Re: [PATCH v6 00/18] perf: add support for sampling taken branches

From: Stephane Eranian
Date: Mon Feb 27 2012 - 03:45:34 EST


On Mon, Feb 27, 2012 at 8:50 AM, Anshuman Khandual
<khandual@xxxxxxxxxxxxxxxxxx> wrote:
> On Friday 10 February 2012 03:50 AM, Stephane Eranian wrote:
>> This patchset adds an important and useful new feature to
>> perf_events: branch stack sampling. In other words, the
>> ability to capture taken branches into each sample.
>>
>> Statistical sampling of taken branch should not be confused
>> for branch tracing. Not all branches are necessarily captured
>>
>> Sampling taken branches is important for basic block profiling,
>> statistical call graph, function call counts. Many of those
>> measurements can help drive a compiler optimizer.
>>
>> The branch stack is a software abstraction which sits on top
>> of the PMU hardware. As such, it is not available on all
>> processors. For now, the patch provides the generic interface
>> and the Intel X86 implementation where it leverages the Last
>> Branch Record (LBR) feature (from Core2 to SandyBridge).
>>
>> Branch stack sampling is supported for both per-thread and
>> system-wide modes.
>>
>> It is possible to filter the type and privilege level of branches
>> to sample. The target of the branch is used to determine
>> the privilege level.
>>
>> For each branch, the source and destination are captured. On
>> some hardware platforms, it may be possible to also extract
>> the target prediction and, in that case, it is also exposed
>> to end users.
>>
>> The branch stack can record a variable number of taken
>> branches per sample. Those branches are always consecutive
>> in time. The number of branches captured depends on the
>> filtering and the underlying hardware. On Intel Nehalem
>> and later, up to 16 consecutive branches can be captured
>> per sample.
>>
>> Branch sampling is always coupled with an event. It can
>> be any PMU event but it can't be a SW or tracepoint event.
>>
>> Branch sampling is requested by setting a new sample_type
>> flag called: PERF_SAMPLE_BRANCH_STACK.
>>
>> To support branch filtering, we introduce a new field
>> to the perf_event_attr struct: branch_sample_type. We chose
>> NOT to overload the config1, config2 field because those
>> are related to the event encoding. Branch stack is a
>> separate feature which is combined with the event.
>>
>> The branch_sample_type is a bitmask of possible filters.

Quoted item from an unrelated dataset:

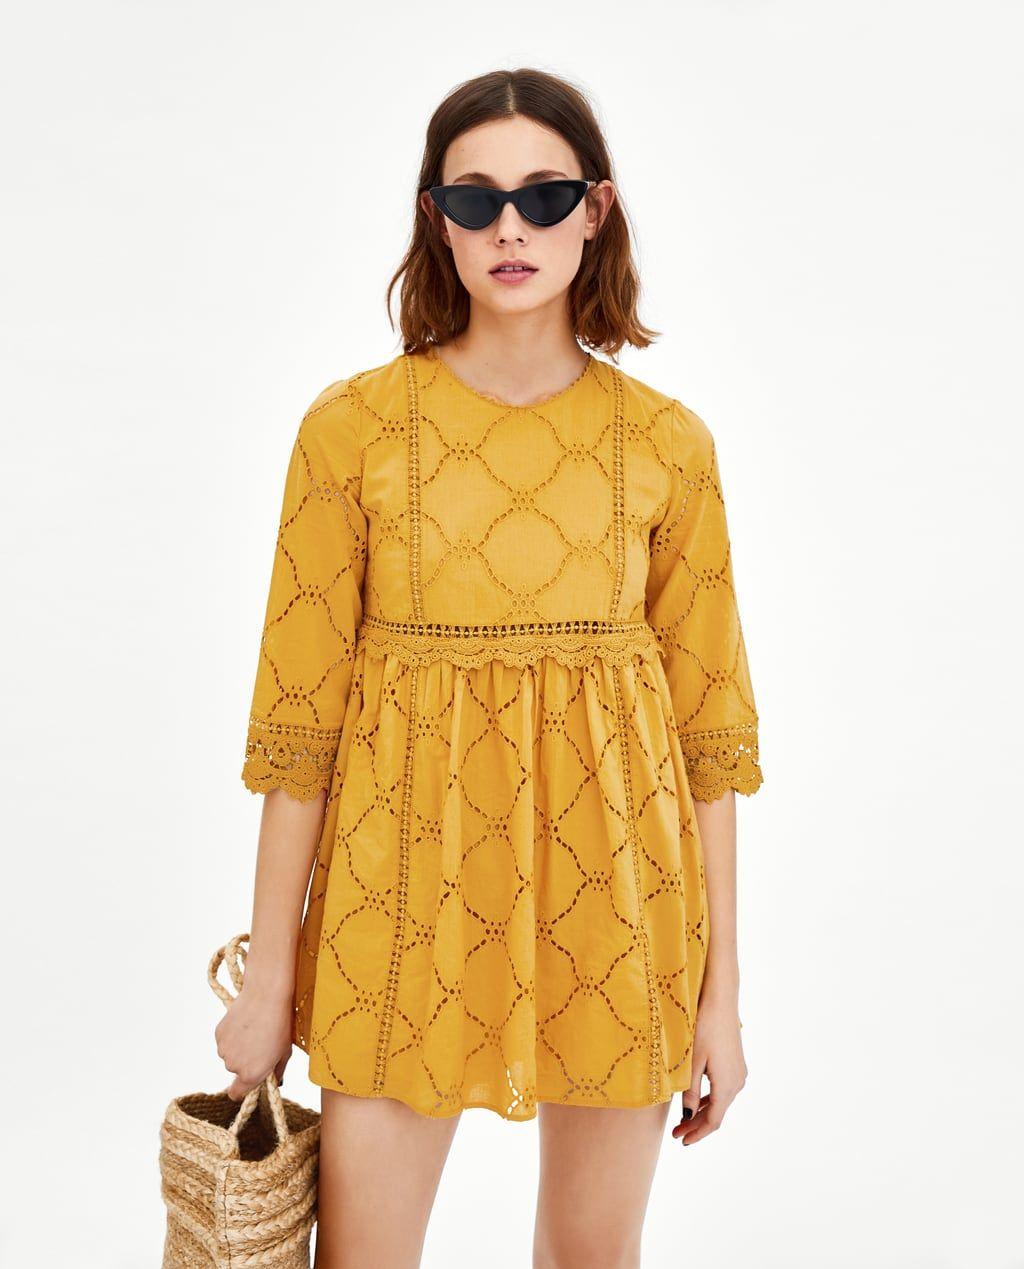 d71637953706 Cutwork Embroidery · VESTIDO MONO BORDADO PERFORADO Zara Dresses

>> The following filters are defined (more can be added):
>> - PERF_SAMPLE_BRANCH_ANY Â Â : any control flow change
>> - PERF_SAMPLE_BRANCH_USER Â Â: branches when target is at user level
>> - PERF_SAMPLE_BRANCH_KERNEL Â: branches when target is at kernel level
>> - PERF_SAMPLE_BRANCH_HV Â Â Â: branches when target is at hypervisor level
>> - PERF_SAMPLE_BRANCH_ANY_CALL: call branches (incl. syscalls)
>> - PERF_SAMPLE_BRANCH_ANY_RET : return branches (incl. syscall returns)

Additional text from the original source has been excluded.